Dealing with them inevitably involves a massive transfer of funds from the centre.
The old mogul may have been boxed in to agreeing to spin off his newspapers, but he sure as hell isn't giving up on the inky business he loves. News Corp investors who celebrated wildly on news of the split this week might have been celebrating prematurely.
Shareholder value would have been better served by auctioning off the newspapers to the highest bidders, but that could only have happened over Mr Murdoch's dead body. Instead, the plan is to bundle them all – the Wall Street Journal and New York Post in the US, The Times, Sunday Times and Sun in the UK and a slew of Australian titles – with HarperCollins book publishing in a new company, so that News Corp proper can concentrate on its faster-growing and more profitable television and film businesses.
But the demerger plan was announced only half-baked on Thursday. Now the real fighting starts.

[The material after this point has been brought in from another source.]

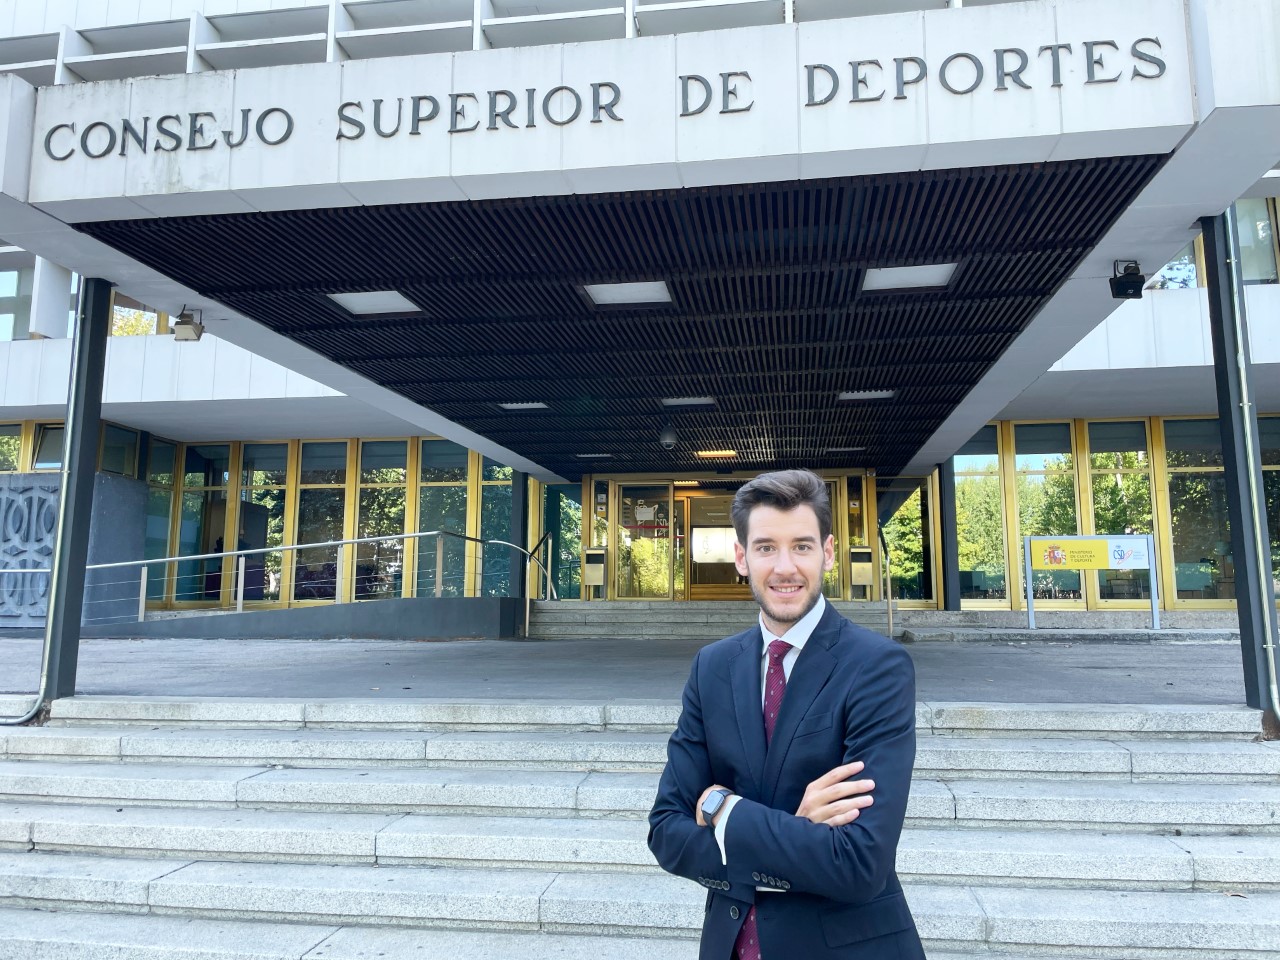 Fernando Molinero és nomenat subdirector de règim jurídic del CSD El Periòdic d'Ontinyent - Noticies a Ontinyent

For starters, it is not clear that Mr Murdoch is fully on board. Nothing from the News Corp chairman suggests he thinks this is a final plan yet, and since the restructuring will take a year to do he could cool to the idea as quickly as he says he has warmed to it. The question of who will run the publishing business was left open, which is significant.
Most important of all, the financial details matter. The business plan for the publishing division matters. Its revenues have fallen four per cent so far this year, its profits are down 30 per cent, and analysts predict modest-to-scary declines in the business in future years.
Publishing is a challenged business. The printing presses make it, still, a relatively capital-intensive business. In fact, while publishing accounts for about 14 per cent of News Corp earnings, before interest, tax and write-downs, it accounts for about 40 per cent of capital expenditure.
For all these reasons, News Corp shareholders want shot of the publishing division and are likely to dump shares in the new-born publishing company the minute they get them. The stock could plunge and keep plunging.
Meanwhile, the newspapers will no longer be a largely financially irrelevant part of a giant media conglomerate; the pressure to get a grip on their declining fortunes will be intense, and the cost-cutting could be savage. It's little wonder that journalists I've talked to from The Times and the Wall Street Journal see the demerger as nothing but bad news.
Plunging shares and savage cost cuts? Not on Mr Murdoch's watch. The 81-year-old, who started in the newspaper business at his father's knee in Australia, has 12 months to fight for a large transfer of funds from the centre.
A few analysts have already published back-of-the-envelope calculations on what the publishing arm could be worth, and it looks pretty weak. Taking the same earnings multiple as other US newspaper publishers like Gannett gives a valuation of less than $3bn (£1.9bn) – that is less than the $5bn News Corp paid for the Wall Street Journal five years ago.
But such calculations are moot until News Corp decides how much of a subsidy to hand to the business. News Corp debt is staying largely with the main company, it said, and the new publishing group will have a net cash position. How much cash, though, is likely to be the subject of a big fight.
As well as needing a fund to fight legal actions from the phone-hacking scandal and a robust balance sheet to reflect the relatively capital intensive nature of the publishing, Mr Murdoch will argue that he also needs a cushion to help weather the turmoil that newspapers are currently going through without having to slash costs so much they cannot take advantage of new digital opportunities.
In the back of his mind, too, he might also want to have the funds for one final acquisition.
Investors who cheered the split this week will surely come over all Angela Merkel at the idea of throwing yet more of their good money after bad. But it might be the price of ridding News Corp of its PIIGS.